A cloneable FastAPI template that handles the operational concerns of LLM applications so you can focus on your LLM logic.

Problem

Most AI projects die in notebooks. Teams that do get to production spend weeks solving the same problems: rate limiting, cost tracking, structured logging, health checks, secret management. This template provides an opinionated starting point that handles production concerns from day one.

This is not a generic FastAPI boilerplate. Every component exists because LLM workloads are different from traditional APIs — token-based billing, high latency variance, streaming responses, and cost that scales with usage rather than compute.

Architecture

flowchart TD
    Client -->|HTTP| Logging["Logging middleware"]
    Logging --> Auth["Auth middleware\n(X-API-Key)"]
    Auth --> RateLimit["Rate limit middleware\n(Redis sliding window)"]
    RateLimit --> RequestID["Request ID middleware"]
    RequestID --> Router["Router"]

    Router --> Chat["POST /v1/chat/completions"]
    Router --> Completions["POST /v1/completions"]
    Router --> Health["GET /health\nGET /health/ready"]
    Router --> Metrics["GET /metrics"]

    Chat --> LLMService["LLM Service Layer"]
    Completions --> LLMService

    LLMService --> Cache["Response Cache\n(Redis, SHA-256)"]
    LLMService --> CircuitBreaker["Circuit Breaker"]
    LLMService --> Guardrails["Guardrails Hooks"]
    LLMService --> Tokens["Token Counter\n(tiktoken)"]
    LLMService --> Cost["Cost Calculator"]

    CircuitBreaker --> Provider["LLM Provider\n(OpenAI / Anthropic)"]

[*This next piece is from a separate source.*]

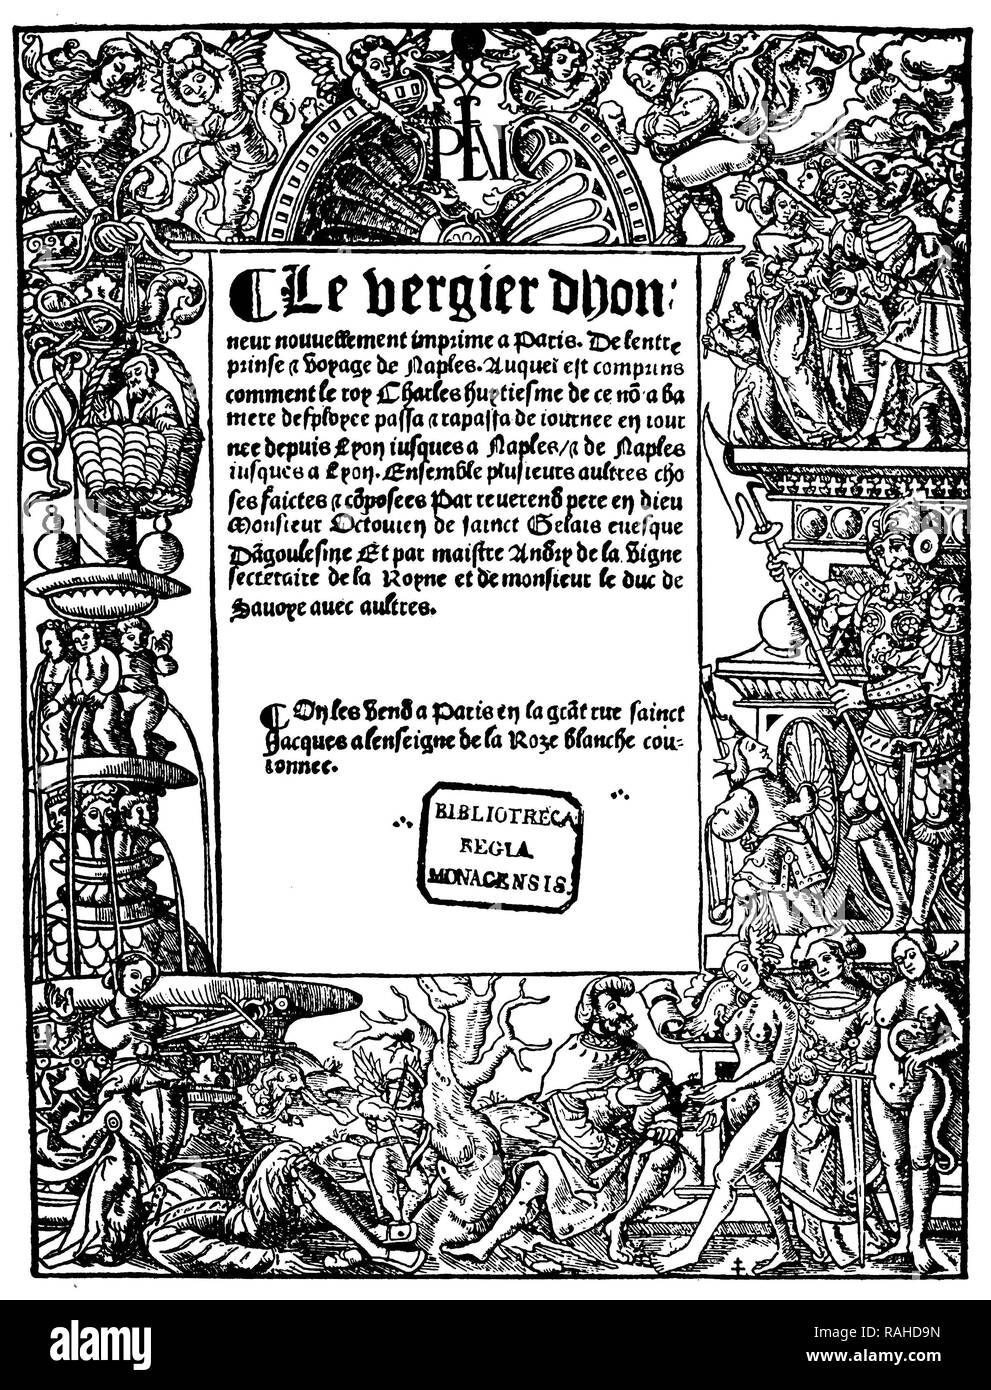 Titolo pagina di un libro, framing illustrazione della leggenda di Virgilio la vendetta e il verdetto di Parigi, circa 1700 Foto Stock

    LLMService --> Observability["Observability\nstructlog · Prometheus · Grafana"]

Quickstart

git clone https://github.com/your-org/deployer.git
cd deployer
cp .env.example .env          # edit OPENAI_API_KEY and API_KEYS
docker compose up

Test the API:

curl -X POST http://localhost:8000/v1/chat/completions \
  -H "X-API-Key: your-key" \
  -H "Content-Type: application/json" \
  -d '{
    "model": "gpt-4o-mini",
    "messages": [{"role": "user", "content": "Hello!"}]
  }'

Streaming:

curl --no-buffer -X POST http://localhost:8000/v1/chat/completions \
  -H "X-API-Key: your-key" \
  -H "Content-Type: application/json" \
  -d '{"model": "gpt-4o-mini", "messages": [{"role": "user", "content": "Count to 5"}], "stream": true}'

Configuration

All configuration is via environment variables. Copy .env.example to .env to get started.

Variable	Default	Description
`API_KEYS`	(required)	Comma-separated API keys: `key1,key2`
`REQUIRE_AUTH`	`true`	Set `false` to disable auth (dev only)
`LLM_PROVIDER`	`openai`	`openai` or `anthropic`
`OPENAI_API_KEY`	—	OpenAI API key
`ANTHROPIC_API_KEY`	—	Anthropic API key
`DEFAULT_MODEL`	`gpt-4o-mini`	Default model for requests
`RATE_LIMIT_REQUESTS`	`60`	Max requests per window per API key
`RATE_LIMIT_WINDOW_SECONDS`	`60`	Rate limit window in seconds
`CACHE_ENABLED`	`true`	Enable Redis response cache
`CACHE_TTL_SECONDS`	`3600`	Cache TTL in seconds
`CIRCUIT_BREAKER_THRESHOLD`	`5`	Failures before opening circuit
`CIRCUIT_BREAKER_RECOVERY_SECONDS`	`30`	Seconds before half-open probe
`REDIS_URL`	`redis://localhost:6379/0`	Redis connection URL
`LOG_LEVEL`	`INFO`	Log level: DEBUG, INFO, WARNING, ERROR
`WORKERS`	`1`	Uvicorn worker processes
`CORS_ORIGINS`	`*`	Comma-separated CORS origins

API Reference

POST /v1/chat/completions

OpenAI-compatible chat completion. Any OpenAI SDK client works out of the box.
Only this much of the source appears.